Li coccolo, nemmeno fossero frutti miei. Li colgo, chiedendo loro scusa. Mi dispiace aprirli, affettarli, lasciarli sul fuoco. Ma solo così li vivo, li condivido in marmellate, insalate, spremute, sciroppi, canditi. Sono fidati alleati contro le freddure invernali e trasformano un blando piatto in una portata appagante. Una grattuggiata, qualche goccia e tutto cambia, dimostrando che anche i bocconi più amari in realtà possono diventare buoni. Molto buoni.


This is us: dobbiamo tagliarci, spremerci, scottarci per riscoprire che “si può”.

Si può accogliere le asperità dell’altro, riconoscendone le proprietà intrinseche.

Si può diventare come il cedro che profuma anche l’ascia che lo abbatte.

Si può andare oltre la credenza e scoprire l’essenza. Rispettando, esaltando le caratteristiche.

Come le arance amare del giardino, che nostro papà ha sempre raccolto per farne marmellate di gran carattere e tentativi canditi sulle note di antiche ricette. Proprio la sua inossidabile esuberanza, la sua sete di sperimentazione, la sua voglia di applicare l’ingegno mi ricordano che si può reinventare la quotidianità anche quando sembra brutta e indigesta. Oggi, per il suo compleanno, ne riconosco (e ringrazio!) l’entusiasmo contagioso, lo starci accanto stimolandoci a riconoscere la prelibatezza anche nell’amarezza.

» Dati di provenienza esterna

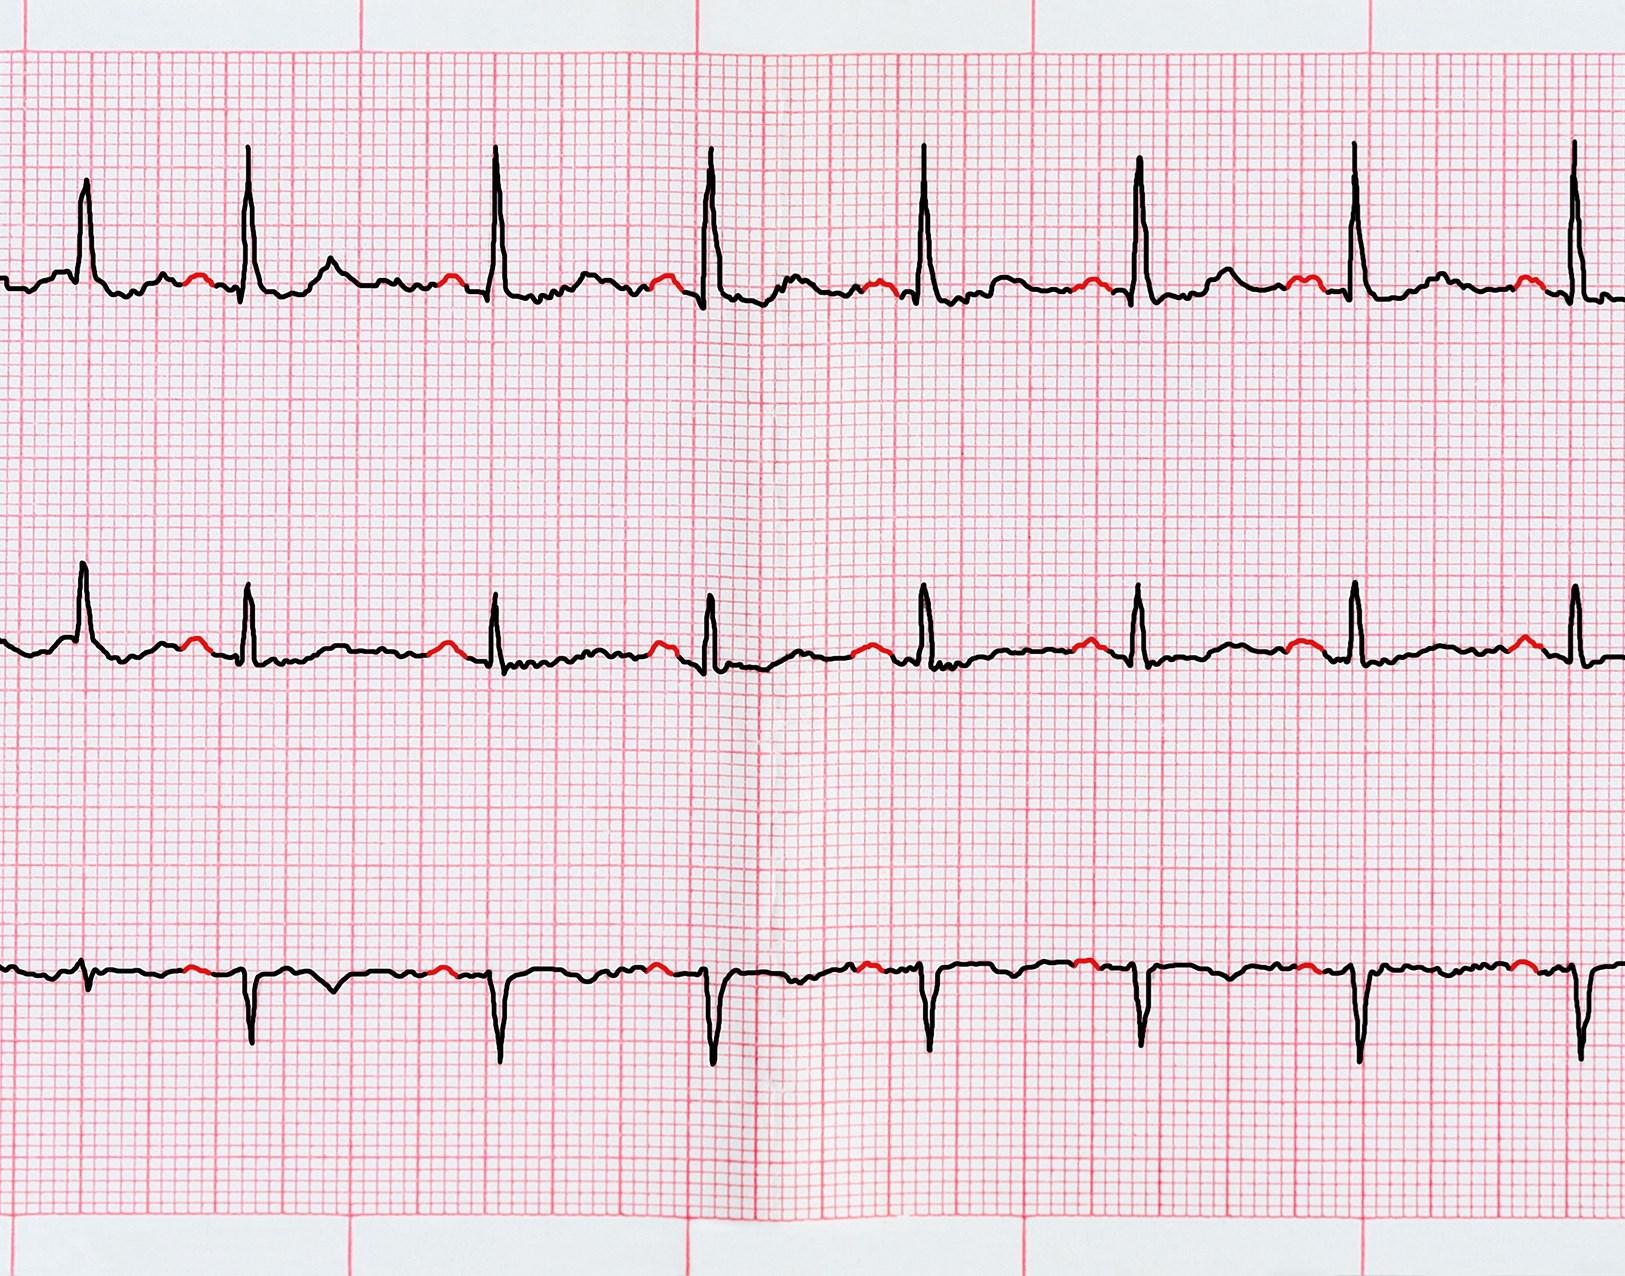 Atrial Fibrillation Mortality May Increase With Digoxin

Ascoltami, i poeti laureati si muovono soltanto fra le piante dai nomi poco usati: bossi ligustri o acanti. Io, per me, amo le strade che riescono agli erbosi fossi dove in pozzanghere mezzo seccate agguantano i ragazzi qualche sparuta anguilla: le viuzze che seguono i ciglioni, discendono tra i ciuffi delle canne e mettono negli orti, tra gli alberi dei limoni. Meglio se le gazzarre degli uccelli si spengono inghiottite dall'azzurro: più chiaro si ascolta il sussurro dei rami amici nell'aria che quasi non si muove, e i sensi di quest'odore che non sa staccarsi da terra e piove in petto una dolcezza inquieta. Qui delle divertite passioni per miracolo tace la guerra, qui tocca anche a noi poveri la nostra parte di ricchezza ed è l'odore dei limoni. Vedi, in questi silenzi in cui le cose s'abbandonano e sembrano vicine a tradire il loro ultimo segreto, talora ci si aspetta di scoprire uno sbaglio di Natura, il punto morto del mondo, l'anello che non tiene, il filo da disbrogliare che finalmente ci metta nel mezzo di una verità. Lo sguardo fruga d'intorno, la mente indaga accorda disunisce nel profumo che dilaga quando il giorno più languisce. Sono i silenzi in cui si vede in ogni ombra umana che si allontana qualche disturbata Divinità. Ma l'illusione manca e ci riporta il tempo nelle città rumorose dove l'azzurro si mostra soltanto a pezzi, in alto, tra le cimase. La pioggia stanca la terra, di poi; s'affolta il tedio dell'inverno sulle case, la luce si fa avara – amara l'anima. Quando un giorno da un malchiuso portone tra gli alberi di una corte ci si mostrano i gialli dei limoni; e il gelo del cuore si sfa, e in petto ci scrosciano le loro canzoni le trombe d'oro della solarità. (I Limoni, Montale)


"La nostra parte di ricchezza", “trombe d’oro della solarità”: quale poesia sprigionate, pomi d’oro, aranci, gialli, verdi, rosati!

Mi piace pensare che tutti noi si possa raccogliere, conservare e godere nel tempo i nostri frutti.

E che il succo di ogni vita possa essere alla fine più dolce che agro.

Ricordando: This is us, agrumi in cerca d’autore. O d’amare? In fondo citando Romeo e Giulietta: "Cos’altro può essere l’amore se non una follia molto segreta, un’amarezza soffocante e una salutare bellezza"?